# [EXERCISE]
Set down each line of the material that follows, exactly, with no pictures.

- - -

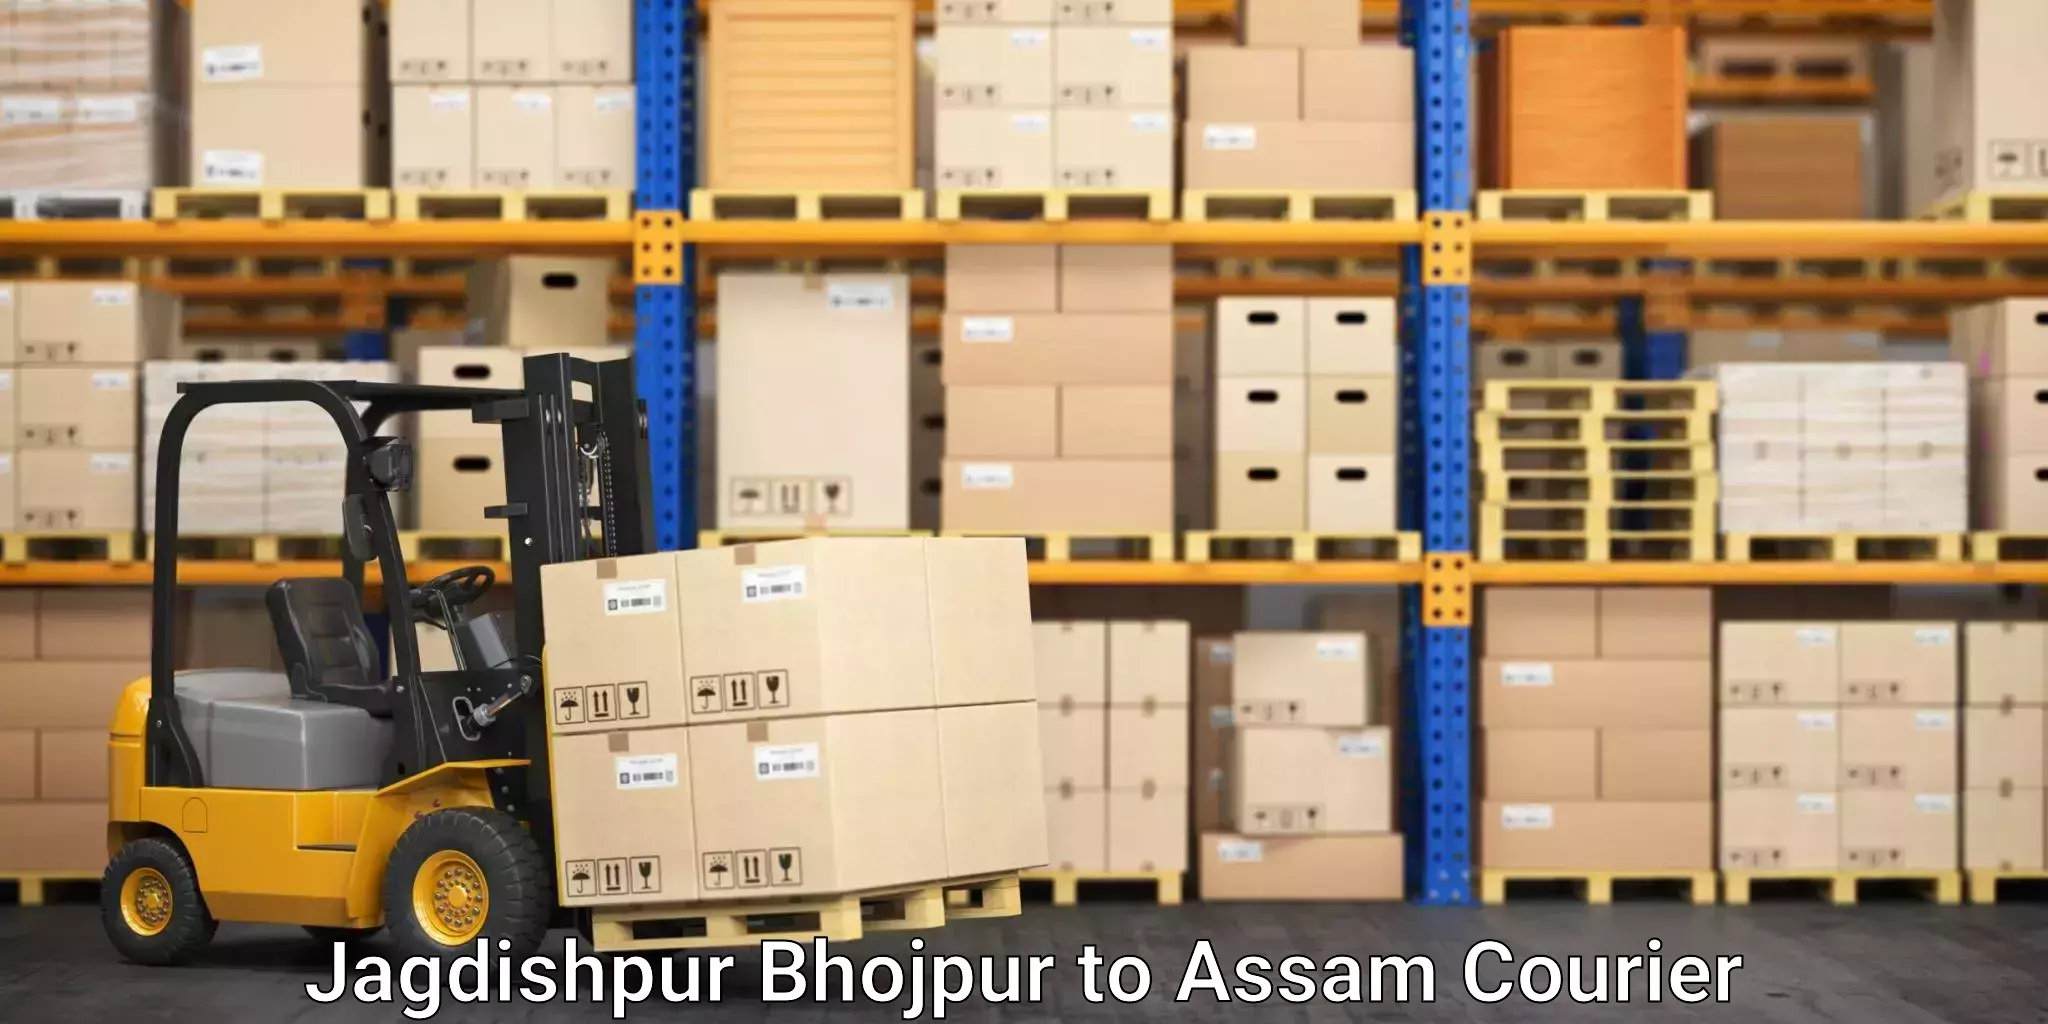 Furniture transport experts Jagdishpur Bhojpur to Balipara
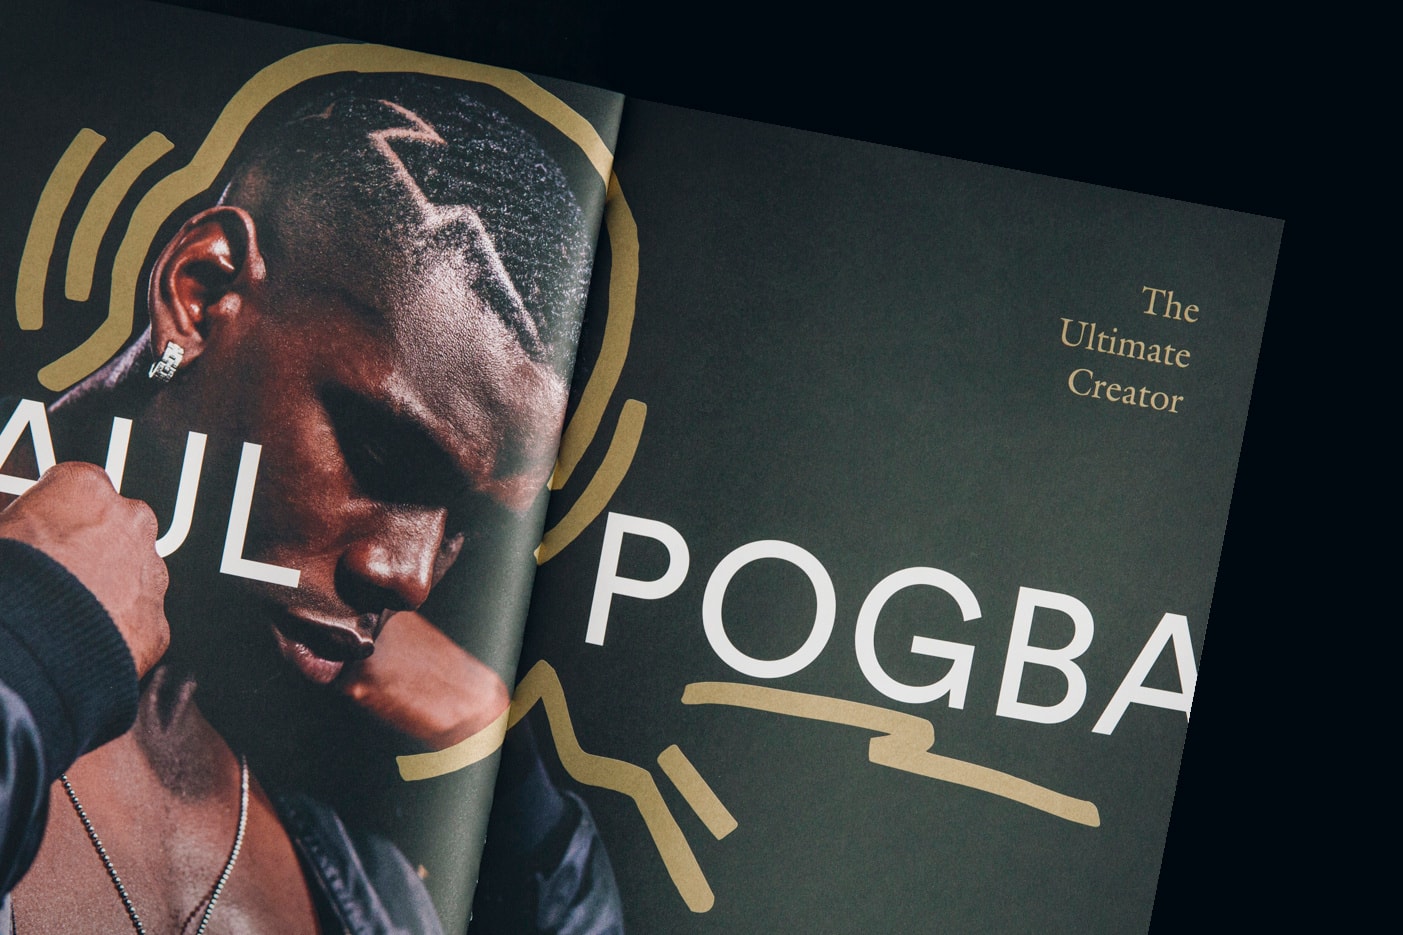 hypebeast magazine paul pogba 2017
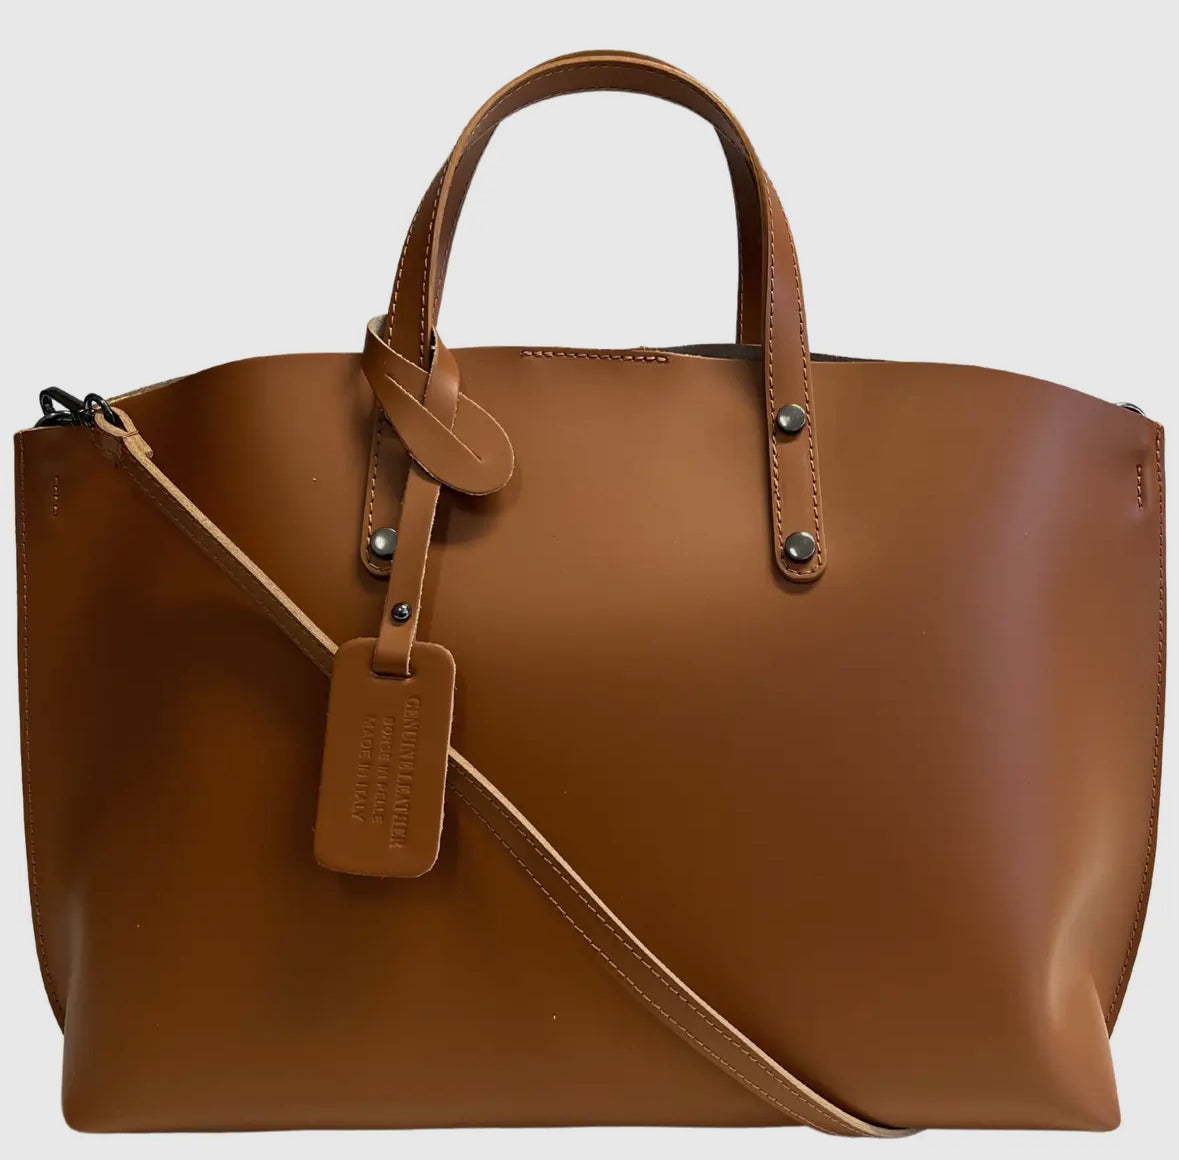 Leather tote bag by Mondarno
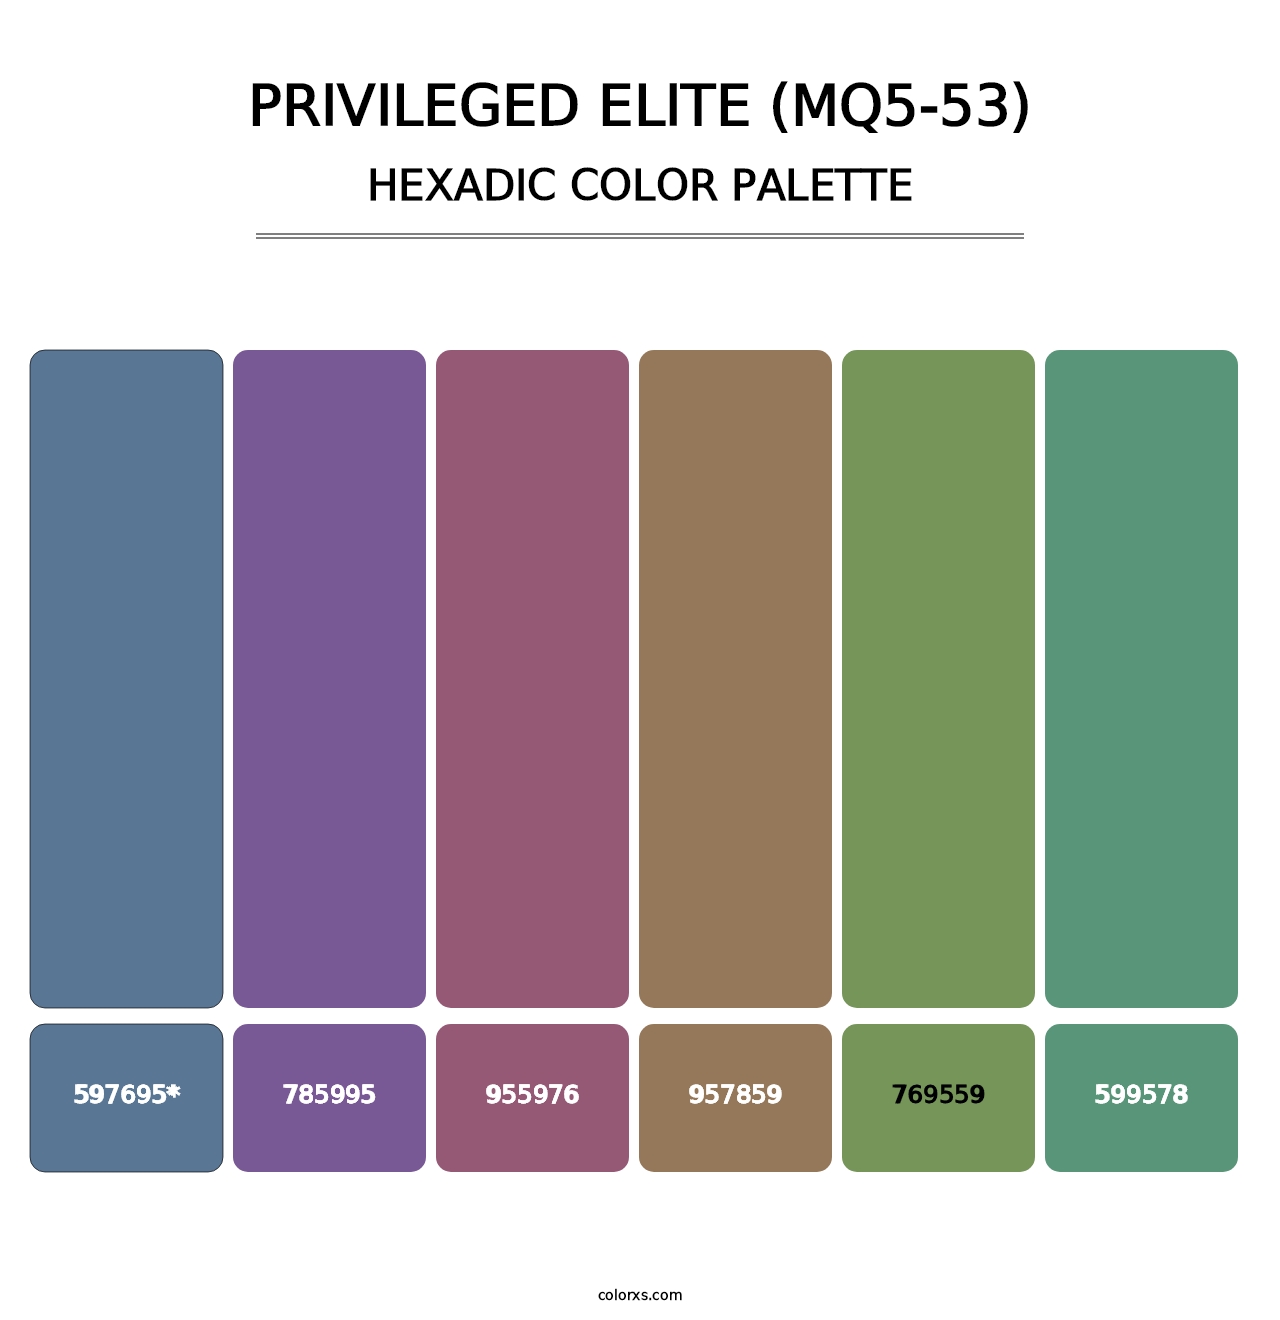 Privileged Elite (MQ5-53) - Hexadic Color Palette
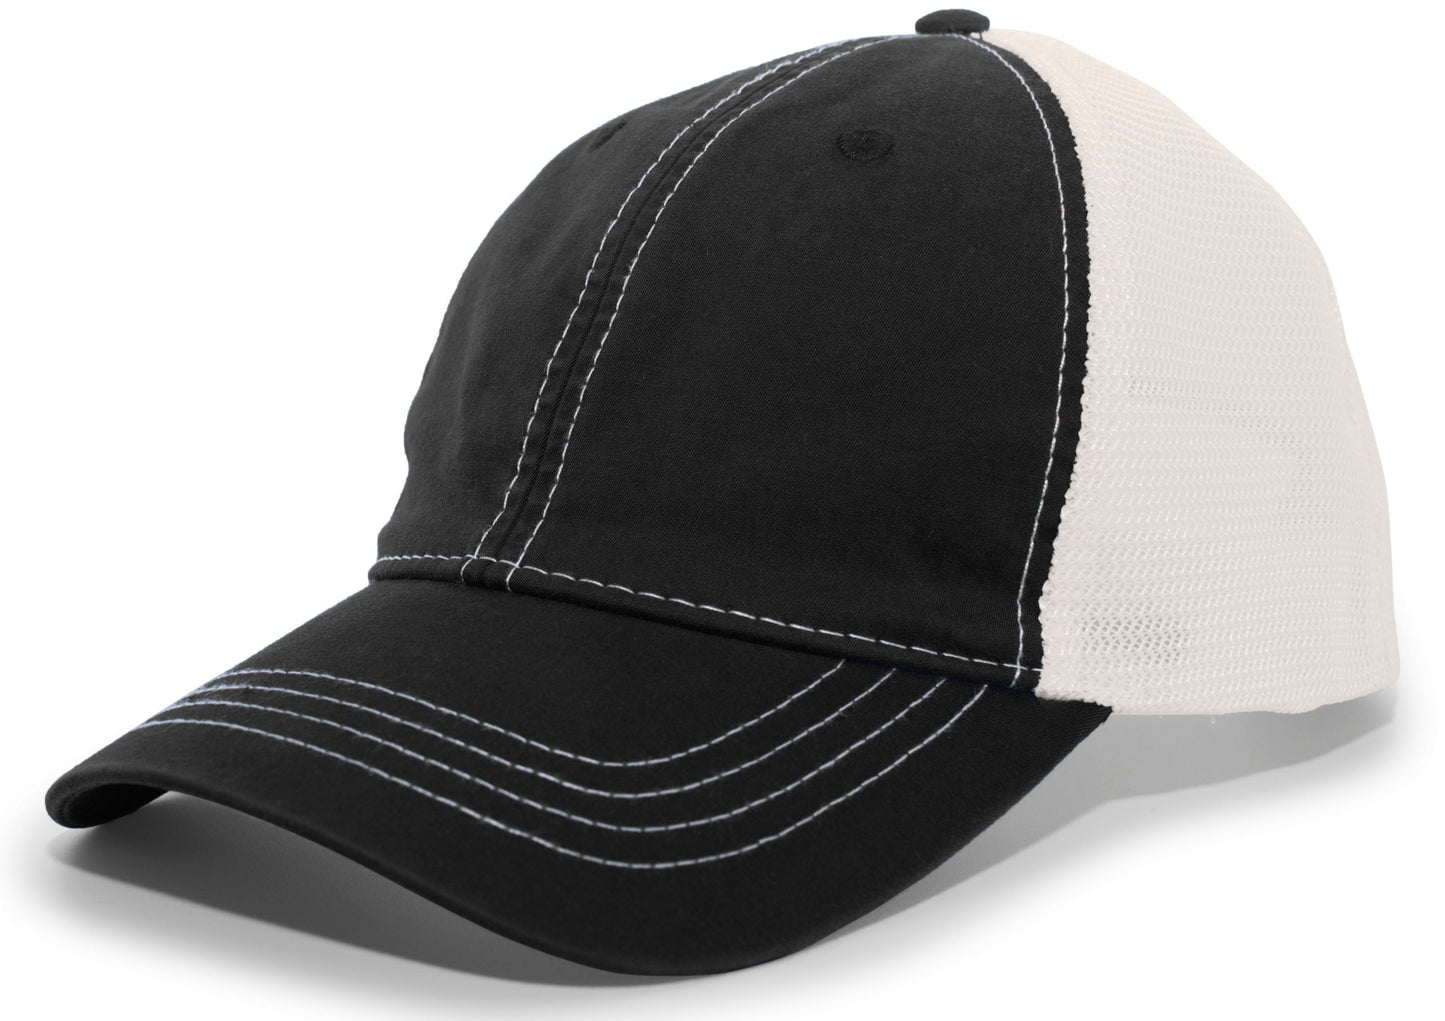 PACIFIC HEADWEAR - VINTAGE TRUCKER SNAPBACK CAP

- - -

# [RESPONSE AREA]
 Furniture transport experts Jagdishpur Bhojpur to Balipara
 hypebeast magazine paul pogba 2017
 Leather tote bag by Mondarno
 Privileged Elite (MQ5-53) - Hexadic Color Palette
 PACIFIC HEADWEAR - VINTAGE TRUCKER SNAPBACK CAP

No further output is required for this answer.